People who’ve worked their whole lives in a field know many of the top programs reasonably well. Some know them because they attended these programs as students or taught there as faculty. They’re not guessing. However, there’s no escaping the fact that increasing admissions selectivity is a pretty direct means to increase the number of top students.

I think a key issue here is that “rigor” is not uniform across a university, nor even within a major at a university. In my opinion, al2simon is right in saying that one has to look at the college transcripts in detail. I wish more selectors would do that.

At my university, there are roughly 6,000 courses. Given the number of courses that students take as undergrads, there would be about 15 trillion possible course sequences. Of course, many of those would make no sense, but quite a few of them would, many would even fulfill all of the requirements for a degree, the their rigor would be all over the place.

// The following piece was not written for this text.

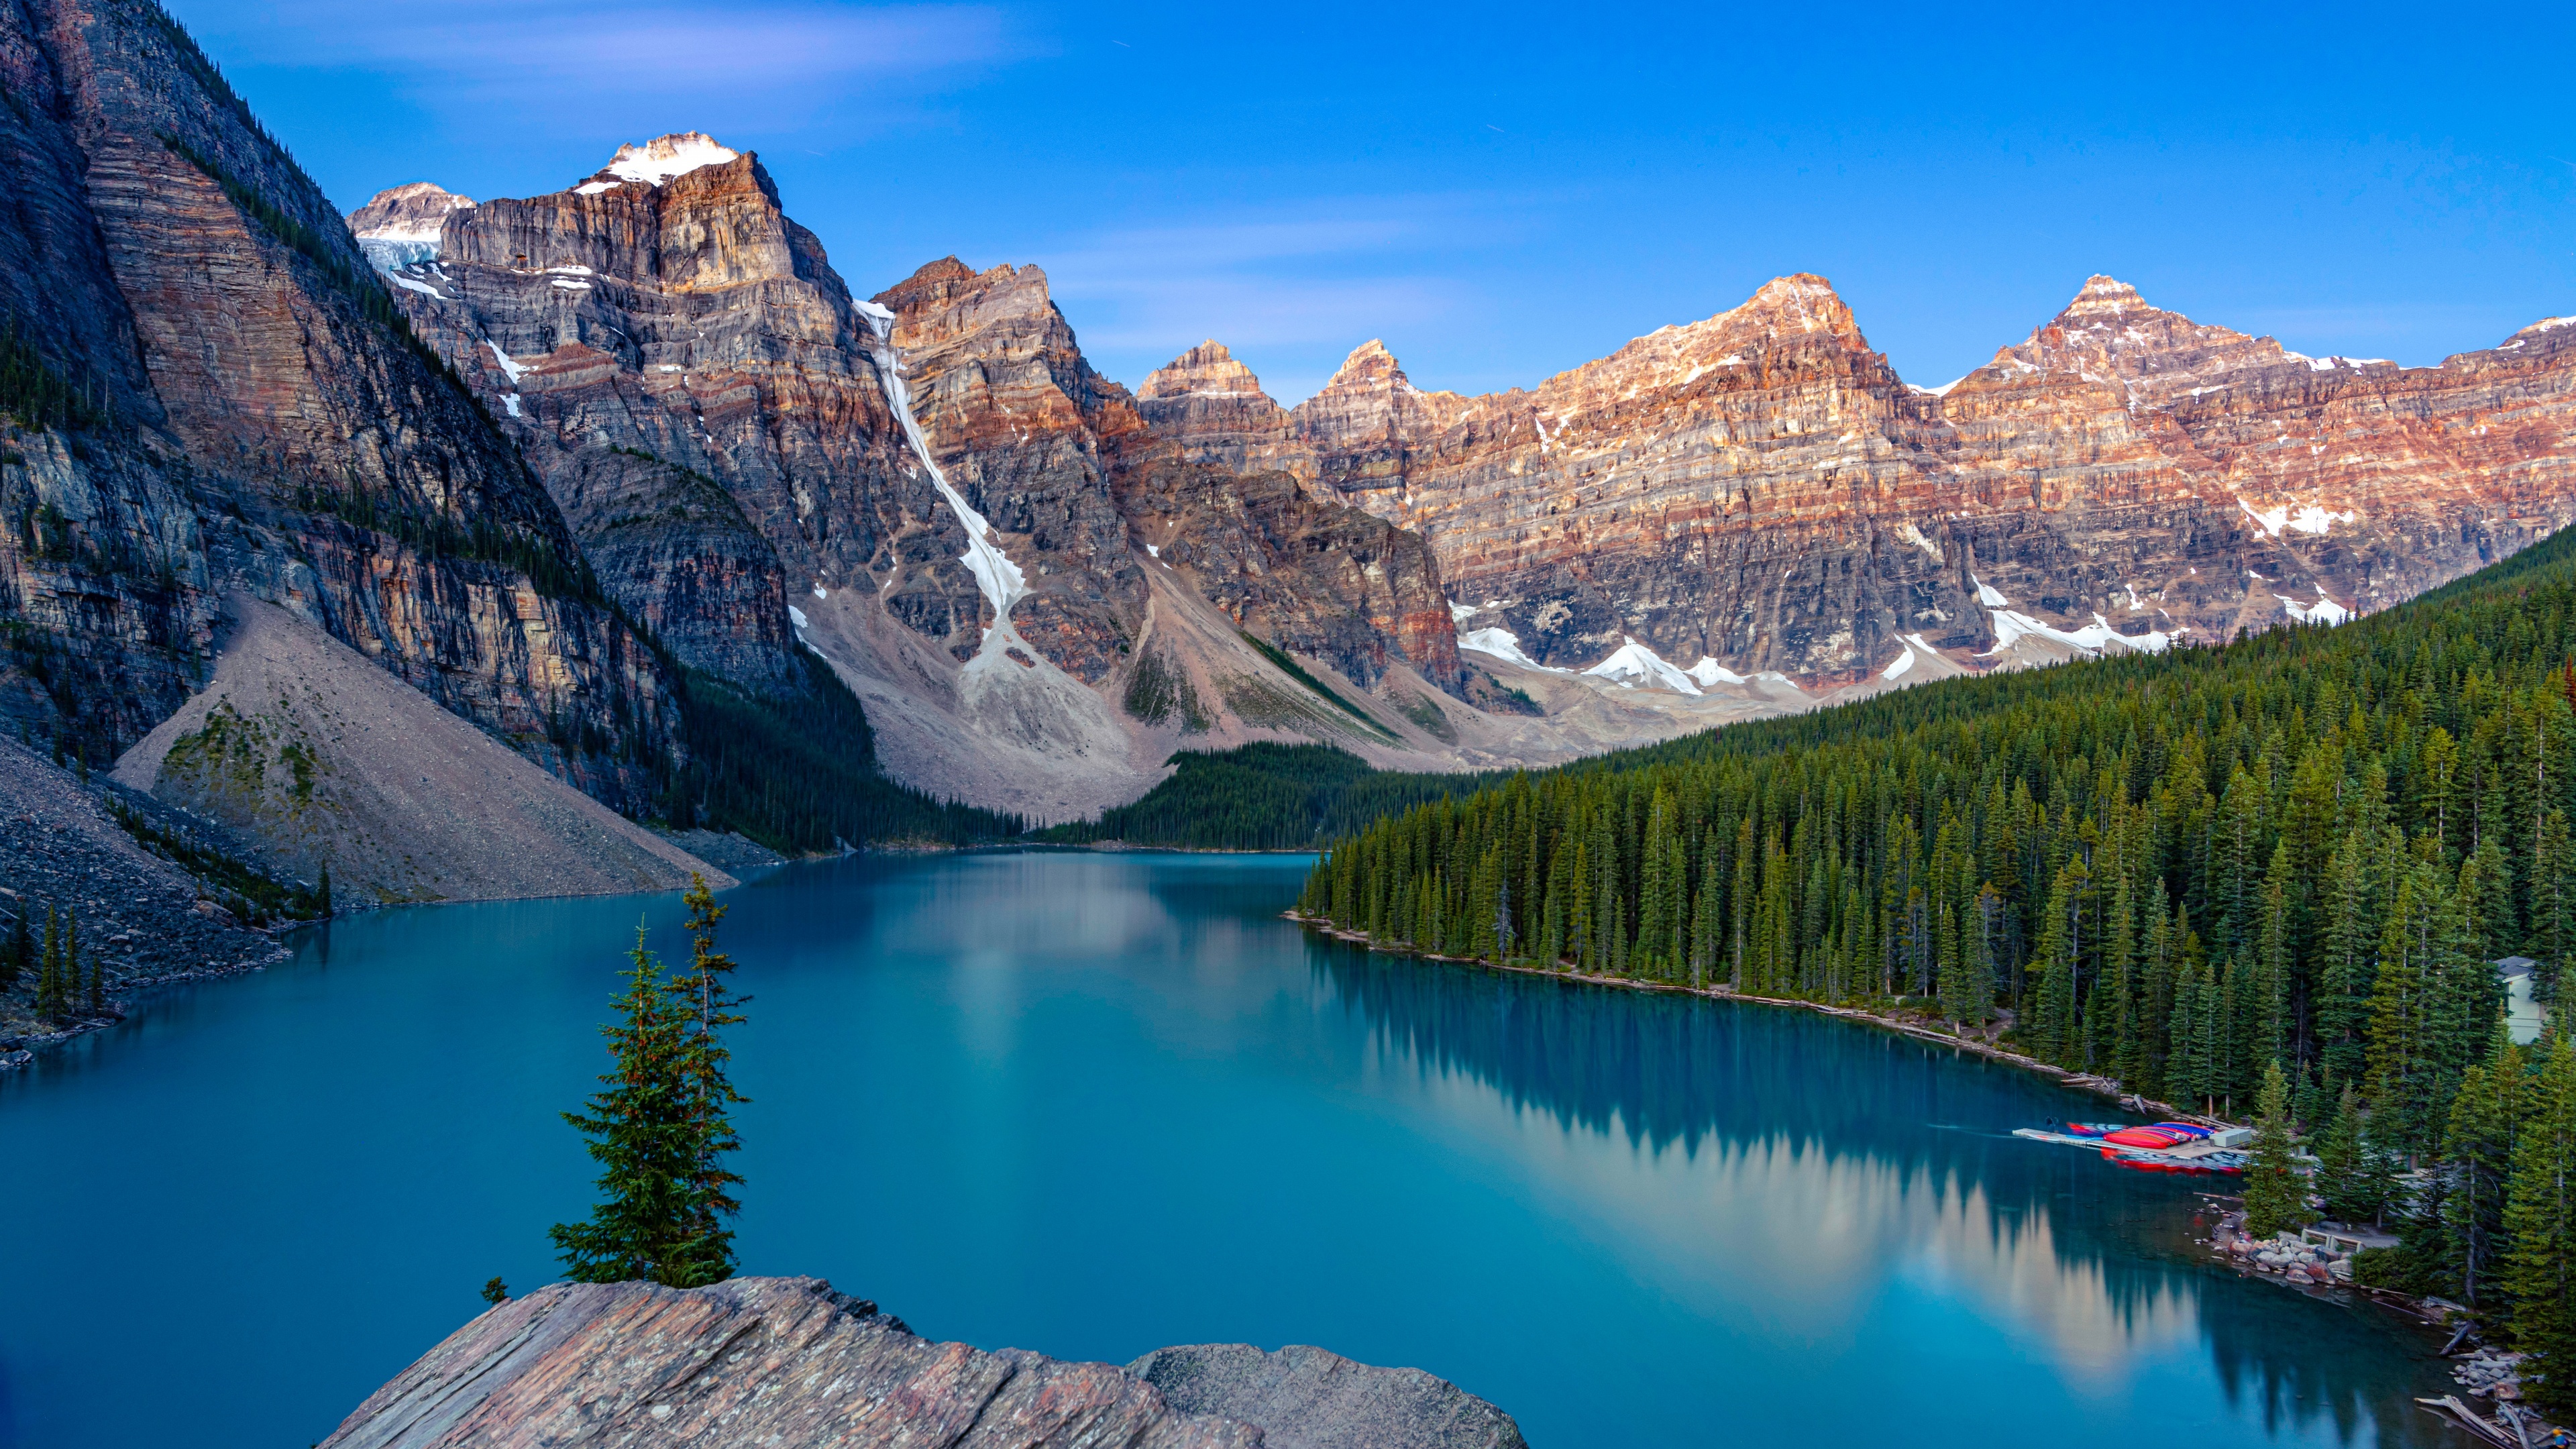 Moraine Lake, Turquoise water, Valley of the Ten Peaks, Serene nature, 3840x2160 4K Desktop

When I read about evaluations to determine whether high-school applicants can do “the work,” I think this concern is inapplicable. There are very few universities in the country where there is anything that could really be termed “the work.” The military academies have a definite baseline of academic performance. Caltech, I think, really has “the work,” at least in terms of the number and types of courses that are required of all majors. There are probably other places that have “the work.” St. John’s, with a uniform curriculum based on great works, has something like “the work.” Hardly anywhere else, including Harvard and Stanford, has “the work.” At either place, a student could opt for a comparatively easy path or a comparatively difficult path. Easy majors exist, but challenging options exist within the easy majors, and some students take them.

Back when I applied to MIT for grad school, the application form included a list of the texts used for all of my science and math courses. Probably the first hurdle for many applicants was just knowing what texts they had used. One can’t completely tell the level of a course from the text, but it does help.

However, outcomes have to be measured against inputs, as well as such factors as the choice of majors.

For example, there are some posters who really push Stevens Institute of Technology based on its Payscale rankings. But Stevens Institute of Technology is mostly engineering and computer science majors, so graduates’ pay levels will generally be higher than for typical colleges. Since Stevens Institute of Technology makes public its own post-graduation survey results by major, it is not difficult to find the real story, which is that its engineering and computer science graduates’ pay levels tend to be similar to those of graduates in the same majors at schools like Alabama and San Jose State.

Of course, that also means that outcomes need to take admission selectivity into context. Stanford graduates may be successful, but is it because they attended Stanford, or would they find much of their success if they attended less selective schools like Alabama or San Jose State? I.e. how much of their success is treatment effect (i.e. based on Stanford actually being better) versus selection effect (i.e. based on the graduates having been selected for success by Stanford’s highly selective admission process)?